● **WORK INSTRUCTIONS**
Word for word, copy the data that follows and skip its pictures.

(DATA BLOCK Opens)

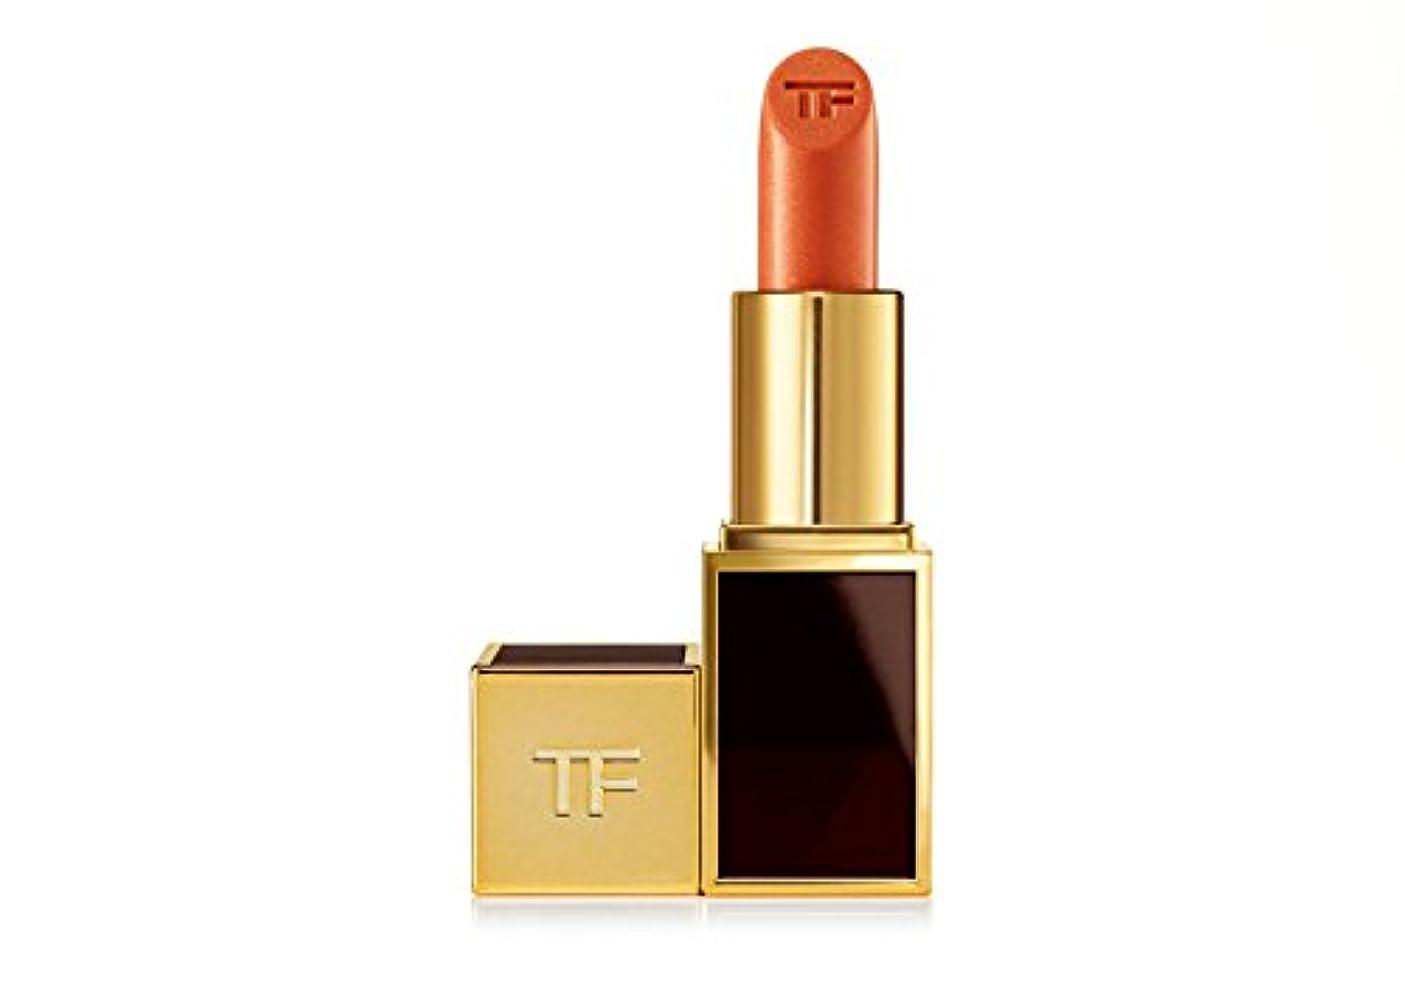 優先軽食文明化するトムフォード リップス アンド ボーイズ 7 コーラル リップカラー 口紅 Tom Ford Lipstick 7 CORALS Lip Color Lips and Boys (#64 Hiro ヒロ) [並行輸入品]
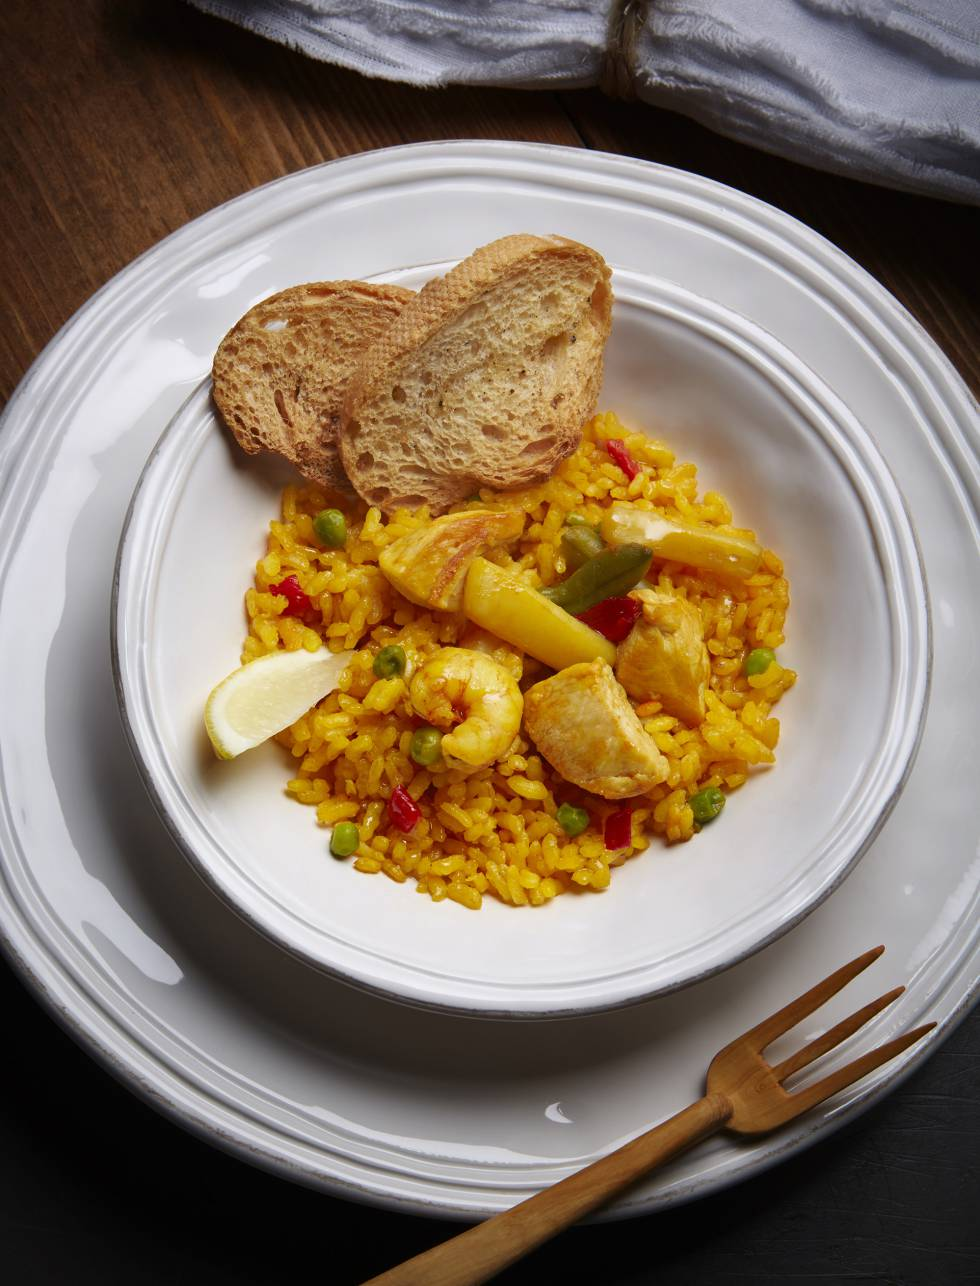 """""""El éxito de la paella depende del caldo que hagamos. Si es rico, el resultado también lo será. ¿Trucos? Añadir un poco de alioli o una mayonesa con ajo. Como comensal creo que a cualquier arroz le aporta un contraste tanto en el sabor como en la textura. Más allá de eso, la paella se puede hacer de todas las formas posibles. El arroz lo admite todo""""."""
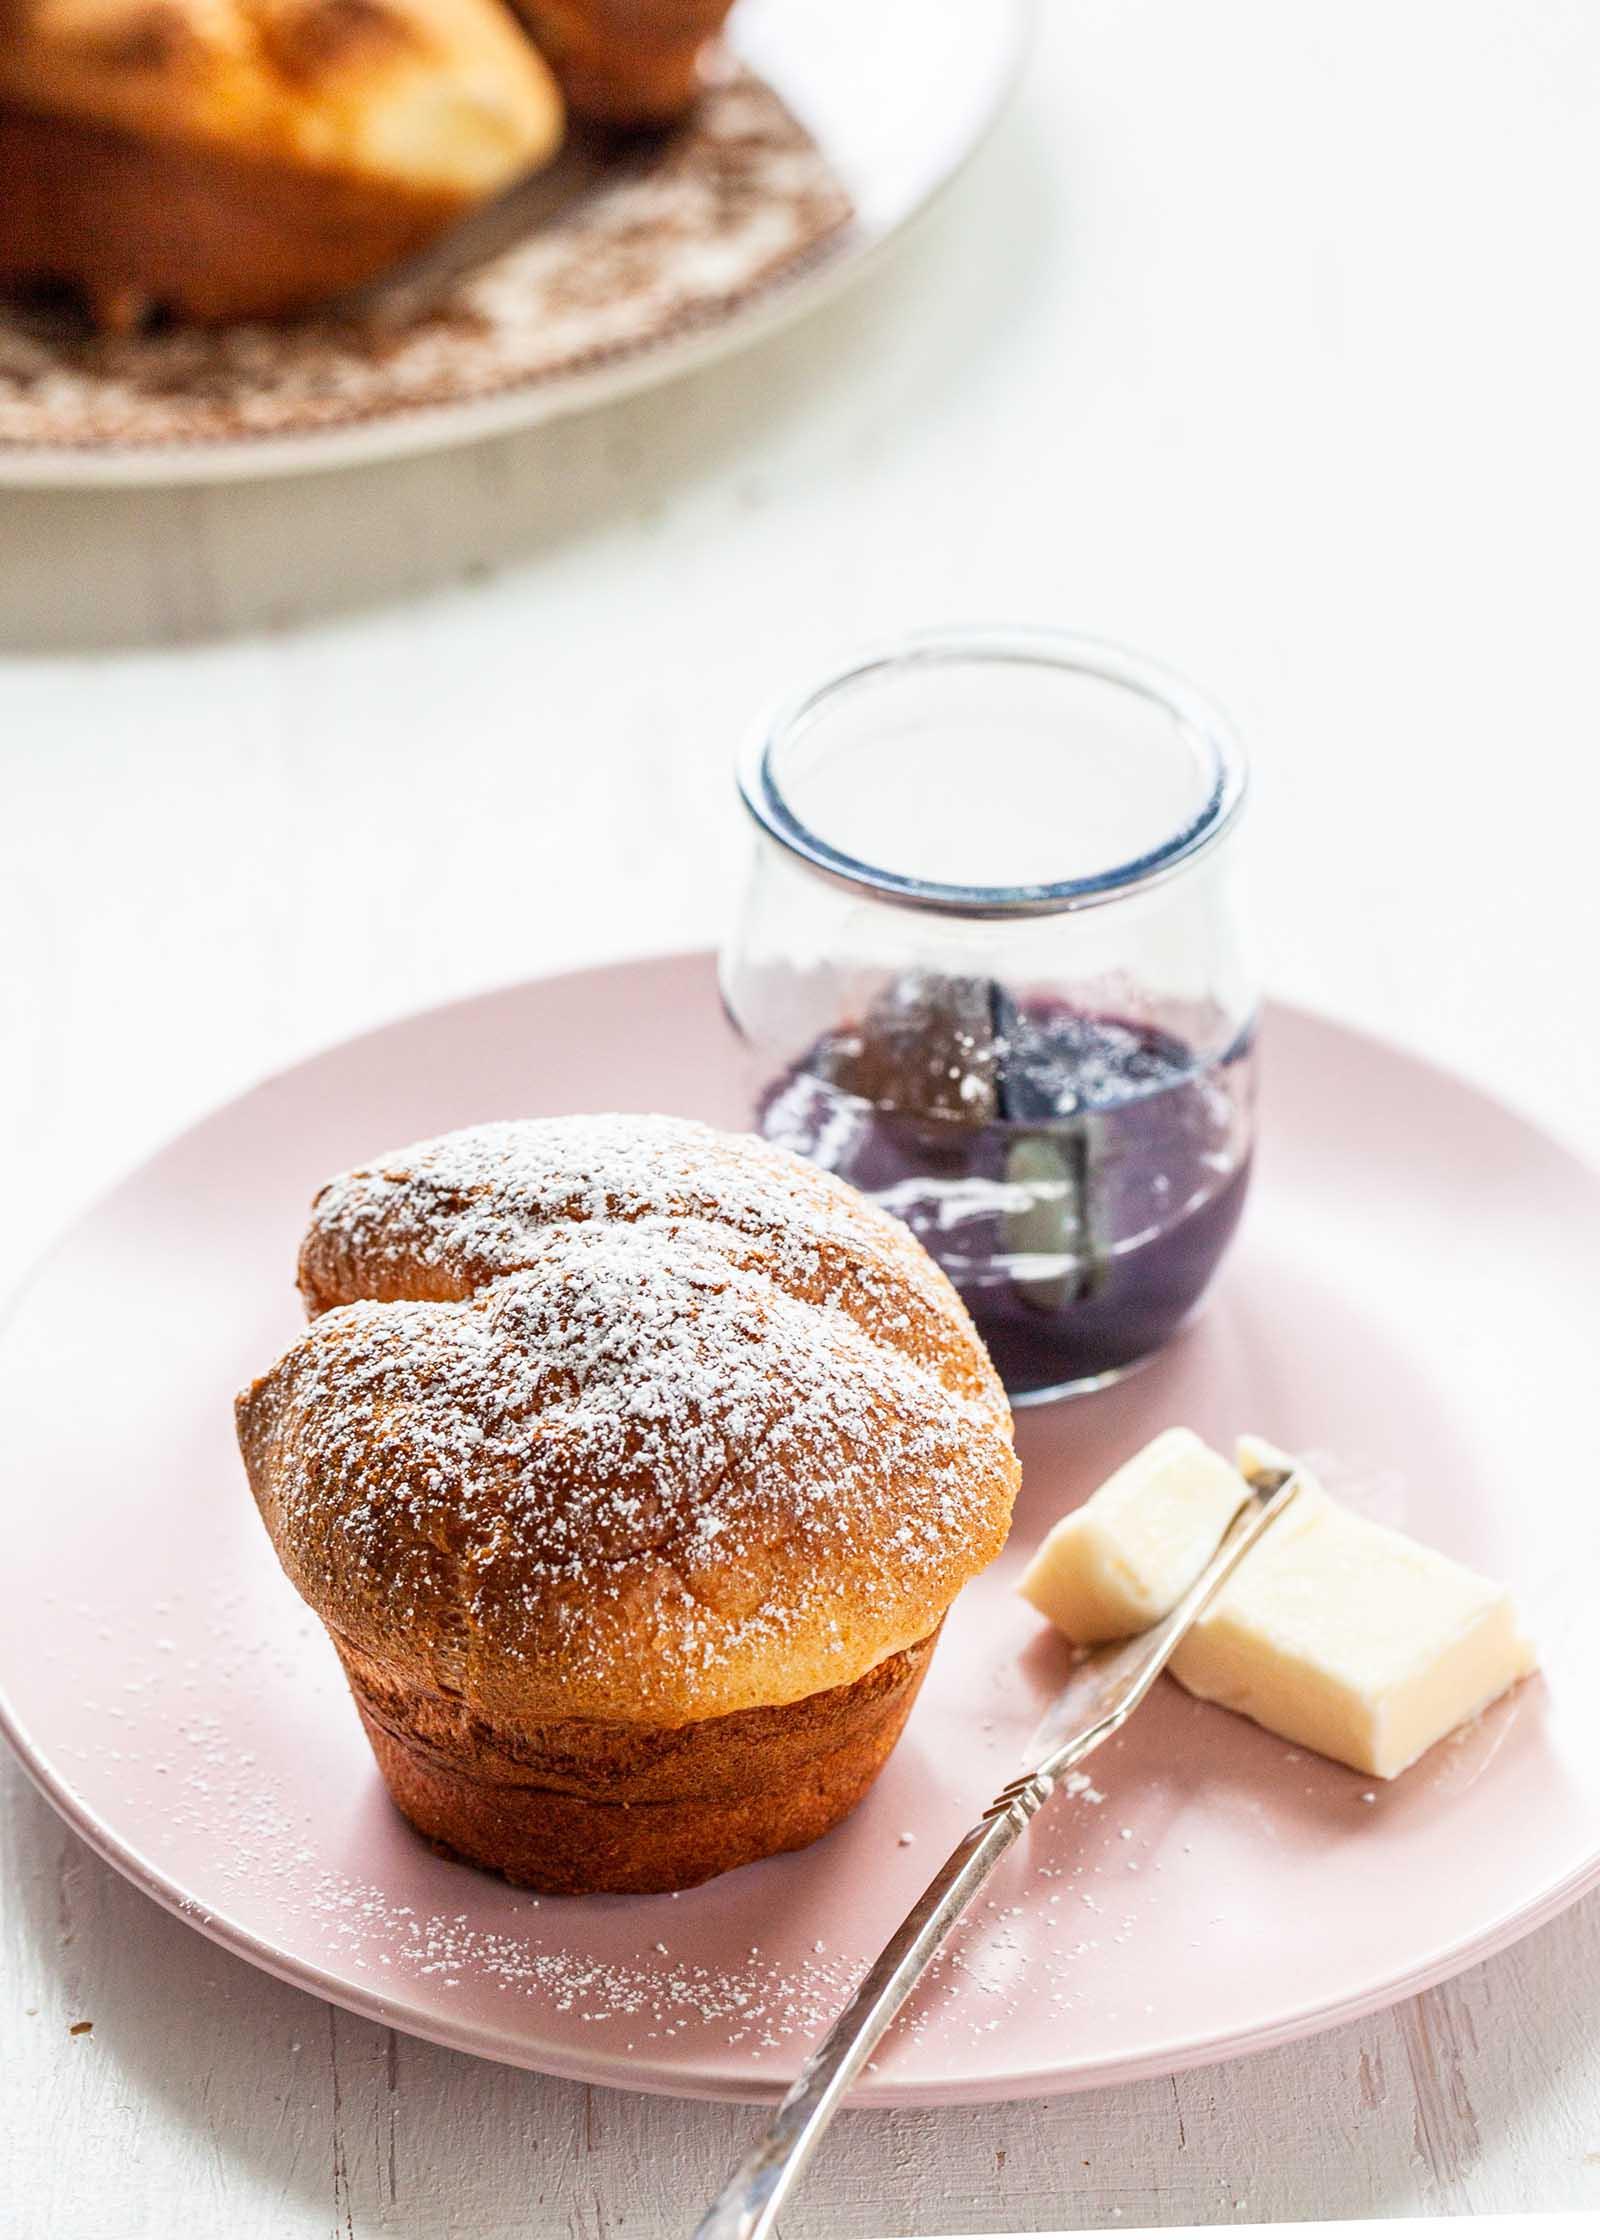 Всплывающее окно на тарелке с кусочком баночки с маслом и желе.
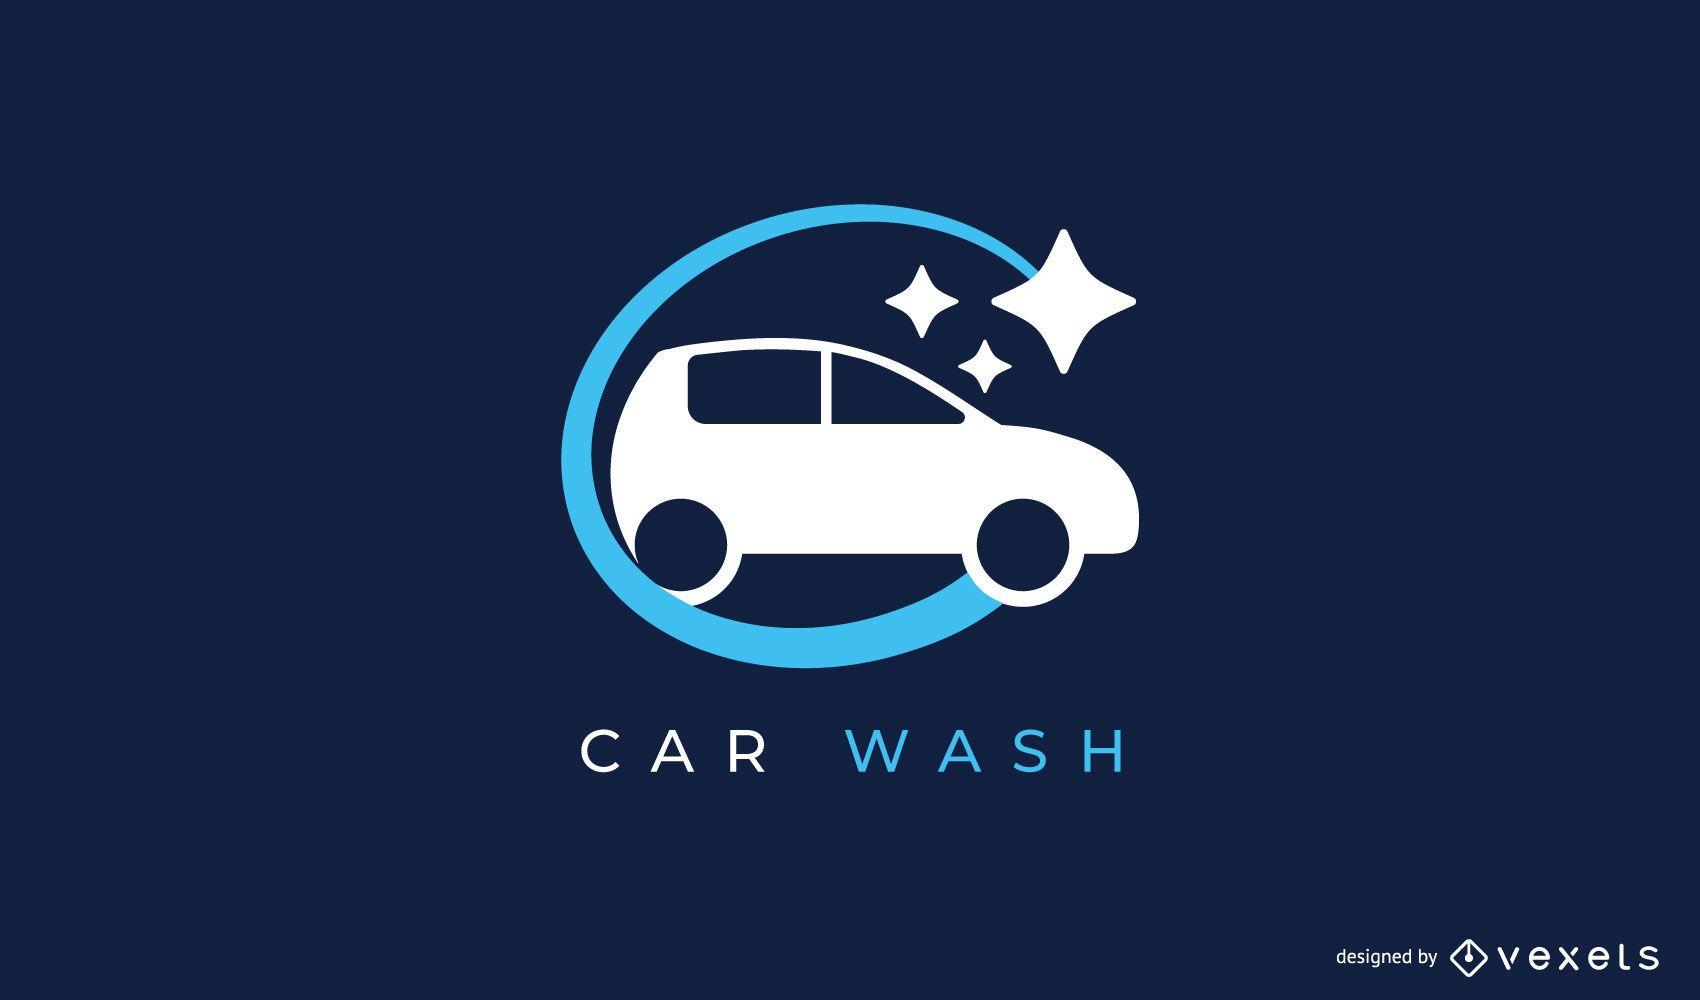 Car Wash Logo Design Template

(DATA BLOCK Closes)

● **SOLUTION TO THE EXERCISE**
 優先軽食文明化するトムフォード リップス アンド ボーイズ 7 コーラル リップカラー 口紅 Tom Ford Lipstick 7 CORALS Lip Color Lips and Boys (#64 Hiro ヒロ) [並行輸入品]
 """""""El éxito de la paella depende del caldo que hagamos. Si es rico, el resultado también lo será. ¿Trucos? Añadir un poco de alioli o una mayonesa con ajo. Como comensal creo que a cualquier arroz le aporta un contraste tanto en el sabor como en la textura. Más allá de eso, la paella se puede hacer de todas las formas posibles. El arroz lo admite todo""""."""
 Всплывающее окно на тарелке с кусочком баночки с маслом и желе.
 Car Wash Logo Design Template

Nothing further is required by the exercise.